I leaned back against the couch. “I wasn’t going to ask.”
His look said he didn’t believe that for a second.
“I need to be up before dawn,” he said, stifling a yawn. “Sunrise shoot.”
I glanced at the clock. It was later than I’d realized.
“Go,” I said. “I’ll try not to dismantle a federal case while you’re asleep.”

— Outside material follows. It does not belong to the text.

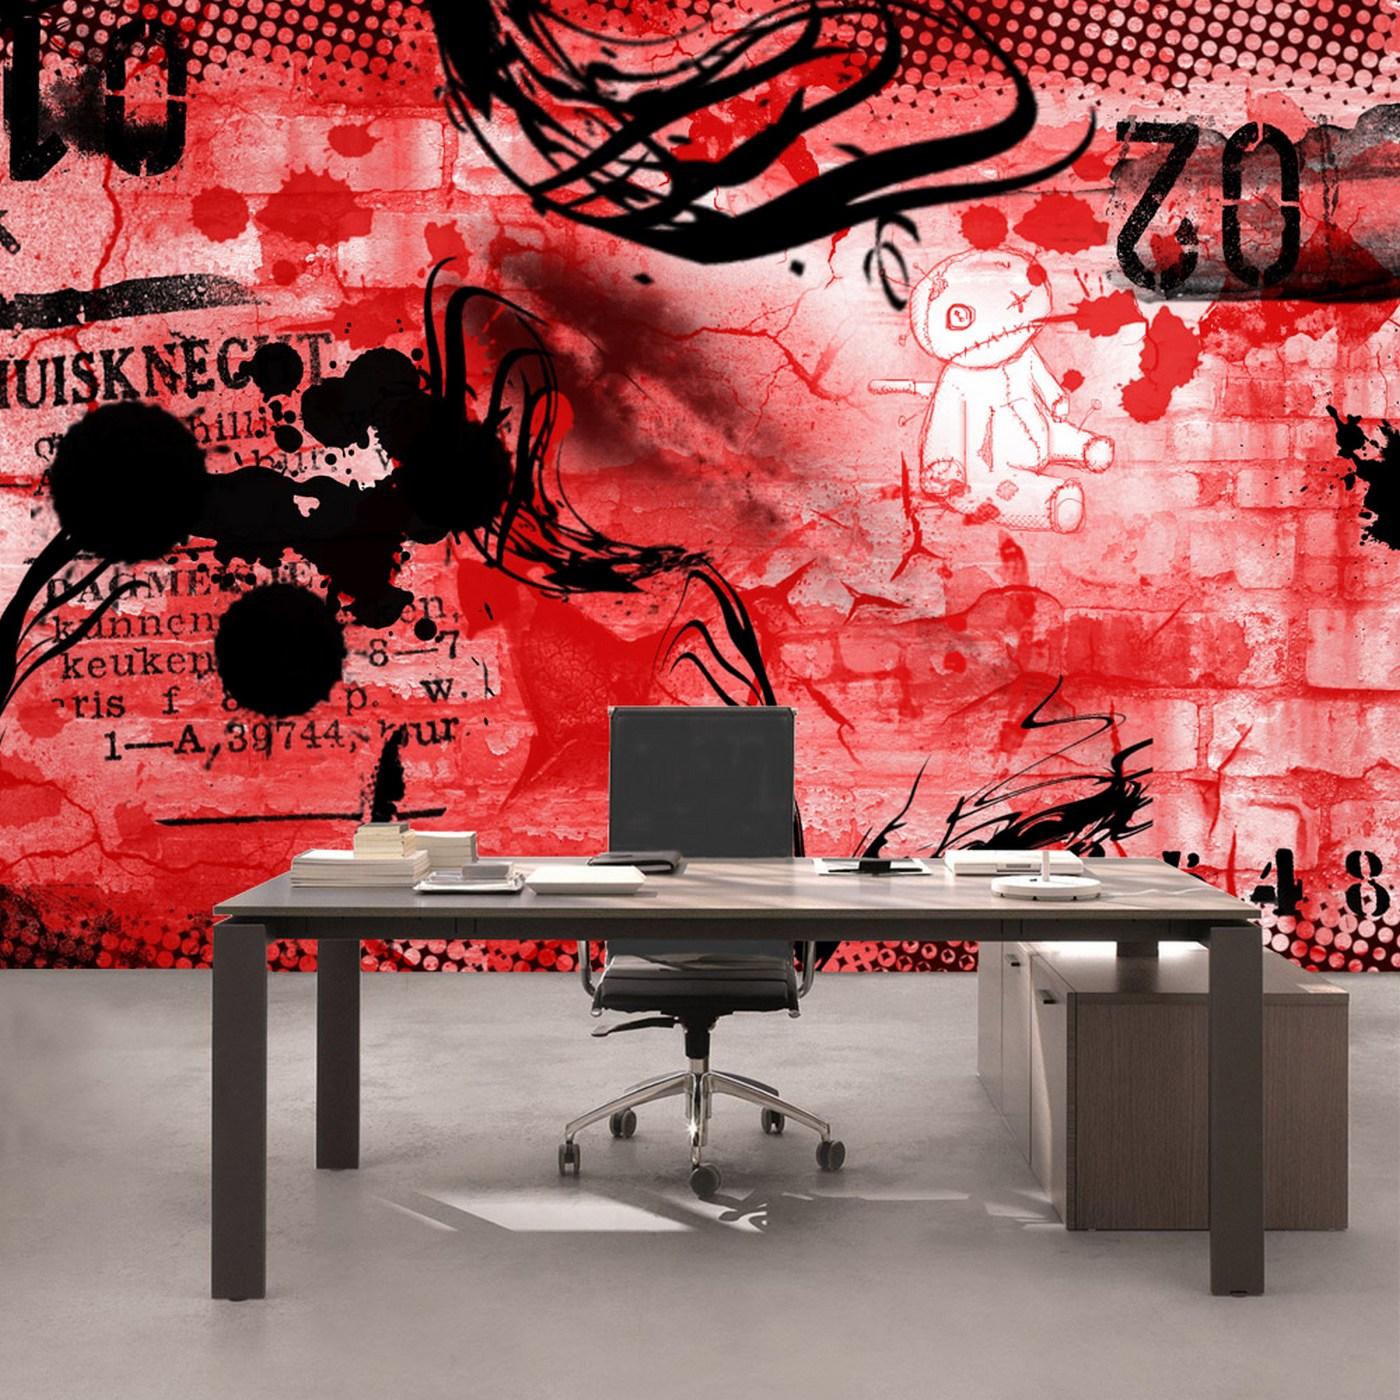 Kiss Fototapeten Zu Besten Preisen Fototapete Red Graffiti Wall

“That’s reassuring,” he murmured dryly.
He leaned over and kissed me softly before heading toward the bedroom.
Mo followed him halfway down the hall before stopping and returning to his post near the couch, as if determined to remain on late-night duty.
Roxie remained behind me, warm and still.
I looked at the stack of sealed letters on the side table… Aunt Effie’s letters. The ones she’d kept in her safety deposit box.
It still puzzled me.
She’d left journals in the house for me to find and slips of papers with snippets of life written on them. So why had she placed these in the bank? What made them different?
I reached for the multipage letter I’d started a night or two ago and settled deeper into the couch, Roxie shifting behind me as if she approved of my choice of evening entertainment. Mo lifted his head but, seeing no immediate crisis, lowered it again.
The letter unfolded across my lap, thin paper softened by time.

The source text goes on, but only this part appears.